Thank you both so much. It took a lot just to write it today but I did it :) I kept singing that song from "A Year Without a Santa Claus" -- "Put One Foot In Front Of the Other", and soon you'll be walking cross the floor...
I can't claim to know how you feel, but reading your entry, I can certainly relate to much of what you say. I've suffered from depression for many years, and sometimes it feels like living only part of a normal life. Sometimes I feel happy and creative, but other times I just feel paralyzed, incapable of making even the simplest decisions. Unable to remember how I felt when I was happy, or if I was ever happy at all. And then one day it just passes. Hopefully you will feel better soon, so that you can get back to living and being creative and happy again.
Also, I just wanted to say that I love your paintings, they're so good! :) And I still love my zombie handmade plush. In fact I built a little coffin for him to sleep in; I should send you a picture of it sometime!
Oh...I luv that song Kristin! I hope that it comes to fruition for you hun.....sending you a good tail wind ;)
Hope you're feeling better real soon!
"Soon you'll be walking across the floor"......brilliant! And that is my favorite Christmas Program ever, too! I will remind myself to take it to heart as well, although some days..........
I have a mounted print of Cluster Headache in my craft closet/storage (where I spend TONS of time hiding) and it makes me happy every time I see it there. I hope the coming hours / days/ weeks bring you some of that happiness back around your way. I know this fan will still be here.
Hope you feel better soon - we are a house of various levels of depression(from mild to bi-polar) so I understand and can tell you that things *will* get better :)
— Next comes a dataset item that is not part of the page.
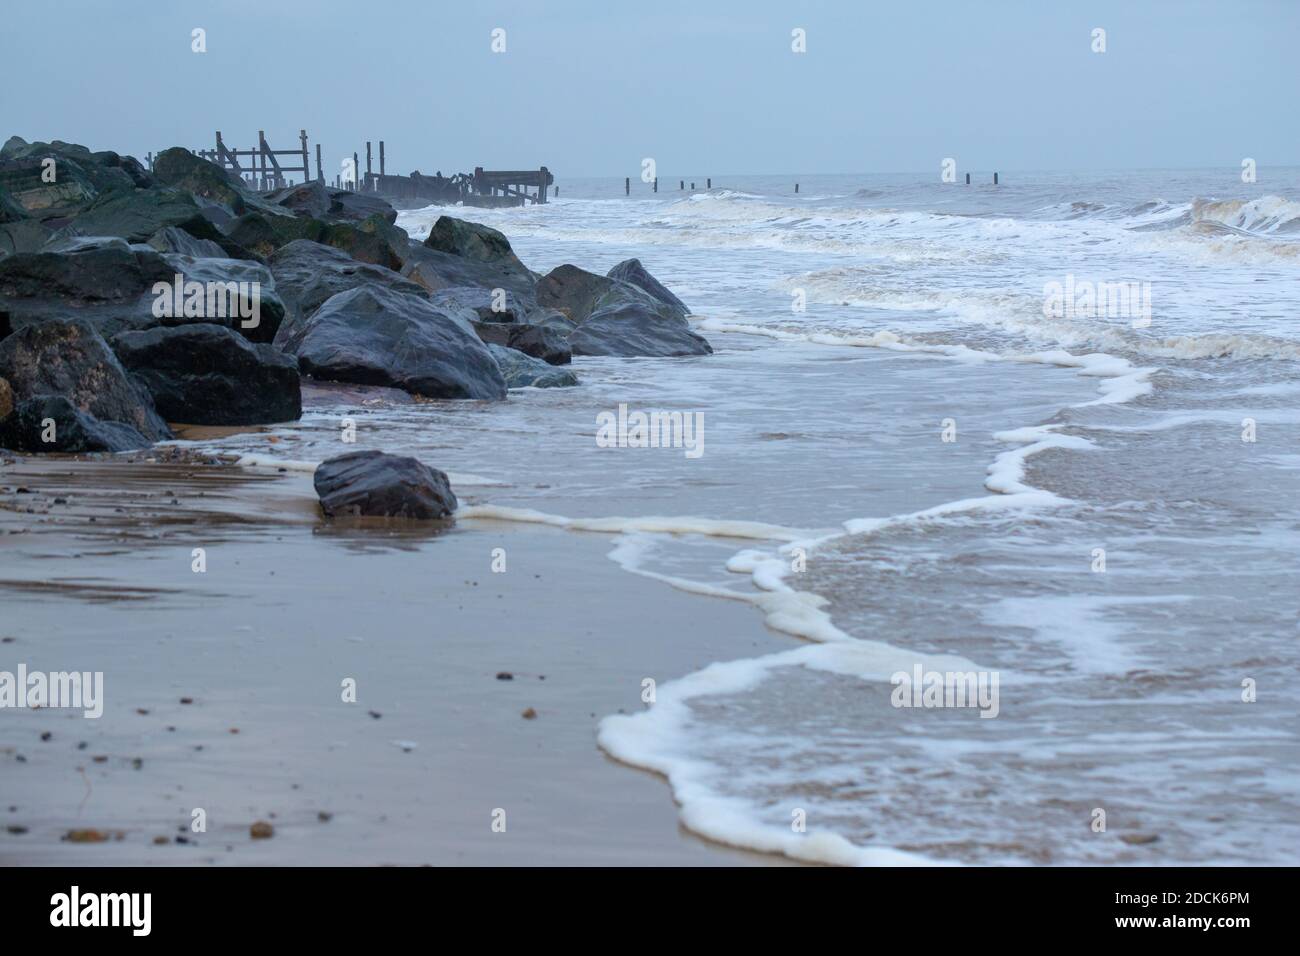 Happisburgh Beach, Norfolk. Küstenfelsen Erosion durch die Nordsee. Meeresverteidigung von importierten Norwegenfelsen links Vordergrund, Versuch, alte ti zu ersetzen Stockfoto

Hey Kris. It's painful to hear that someone, who I've always imagined to be so chipper, is in pain right now. I really hope that you can work it all out and get back on top of things. You need your inner peace and the world needs your wonderful creations.
Be well soon Kris.
Jay
Many thanks everyone. I'm being well-cared for and taking my time and I'm just beginning to feel that the worst may be over...that feeling alone is welcome, even if it proves to be untrue :) One more quote that I loved for those of you in a similar boat, "Sharing our depressions felt like having survived a war. The experience bonds you to the other person for life." (Art Buchwald)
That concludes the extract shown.